DNA Repair DNA repair is a system used to correct DNA damage caused by either: A- Errors during DNA replication including incorrect base-pairing (mismatching e.g. G may be paired with T not with C) B- Environmental damaging agents that cause the alteration or removal of nucleotide bases. These damaging agents can be either: i- chemicals, for example, nitrous acid ii- radiation e.g. UV light which can join two adjacent pyrimidines iii- high-energy ionizing radiation, which can cause double-strand breaks. C- Bases can be also lost or changed spontaneously (without cause)
Types of DNA damage: 1- Mismatches of the normal bases because of an errors during DNA replication. 2- Thymine dimer (binding of two adjacent thymine) which prevent replication. This damage is caused by UV light. 3-Double strand break caused by high energy radiation or free radicals. 4-DNA bases alterations caused by chemicals such as nitrous acid, or spontaneously or deaminating agents that convert cytosine into uracil.
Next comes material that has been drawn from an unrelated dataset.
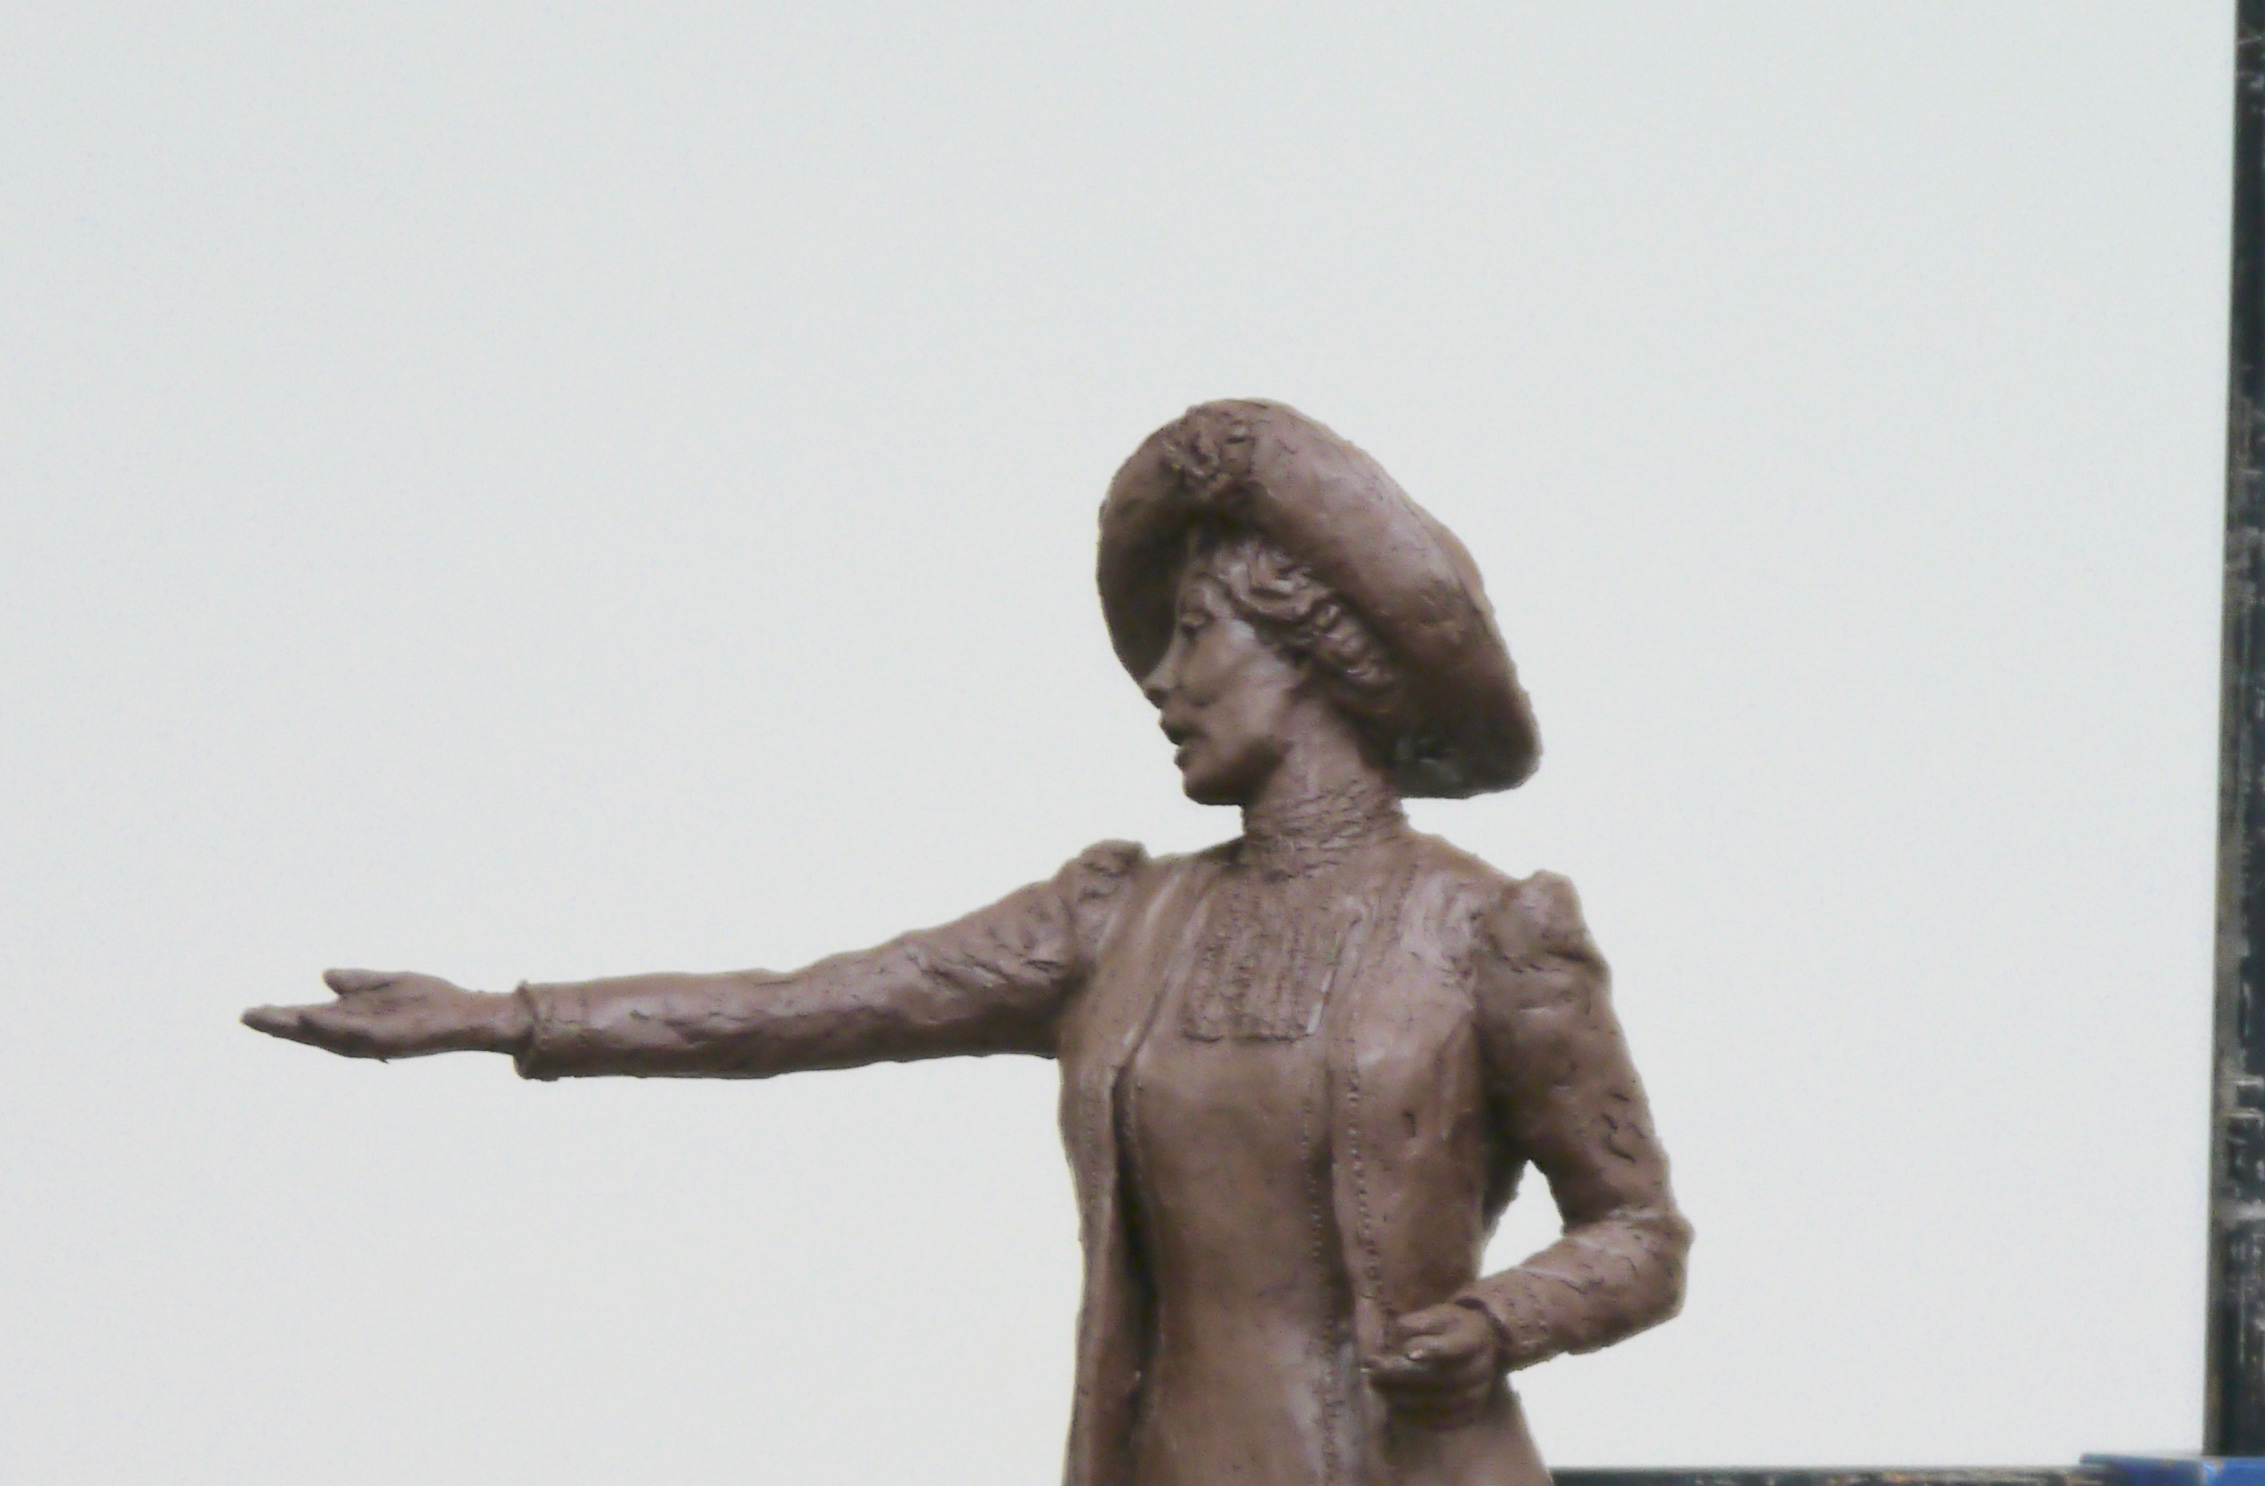 The Pankhurst maquette: the pose

Double strand break (on the right)
If the damage is not repaired, a permanent mutation may be introduced that can result in number of deleterious effects leading to cancer. Luckily, cells are remarkably efficient at repairing damage done to DNA. Most of repair systems involve: 1- recognition of the of damage on DNA, 2-removal or excision of the damage, 3-replacement or filling the produced gap with new DNA and ligation
A- Mismatch repair: Mismatch repair is mediated by a group of proteins known as the Mut proteins. Analogous proteins are present in humans. Steps of repair: Identification of the mismatched strand: When mismatch occurs, the Mut proteins that identify the mis-paired base (s) must be able to differentiate between the correct strand and the strand with the mismatch. For example: in mis-paired G-T, Mut proteins should recognize whether G or T is the false base added in the new strand.
Differentian is based on the presence of GATC sequence in which adenine base is methylated, this unique sequence is found approximately once every thousand nucleotides. Methylation of adenine is not done immediately after replication, so the newly synthesized DNA is hemi-methylated i.e parent strand is methylated, but the daughter new strand is not. The methylated parent strand is assumed to be correct, and the daughter strand that will be repaired.
. Repair of damaged DNA: Figure handout When the mismatch is identified, an specific nuclease nicks (cuts) the daughter strand and the mismatched nucleotide(s) is/are removed by another nuclease. Extra nucleotides at the 5' and 3' ends of the mismatch are also removed. The gap left after removal of the nucleotides is filled by DNA synthesized by DNA polymerase I using the parent strand as a template. The nick is sealed by ligase.
B- Repair of damage caused by ultraviolet (UV) light: Exposure of a cell to UV light can result in the covalent joining of two adjacent pyrimidines (usually thymines), producing a dimer. These thymine dimers prevent DNA polymerase from replicating the DNA strand beyond the site of dimer formation.
The UV-damage repair includes: See Figure also Recognition and excision of dimers by UV-specific nuclease (exinuclease): This enzyme recognizes the dimer and cleaves the damaged strand on both 5'- side and 3' side of the dimer. A short oligonucleotide containing the dimer is released leaving a gap that is then filled by DNA polymerase and the nick is sealed by ligase.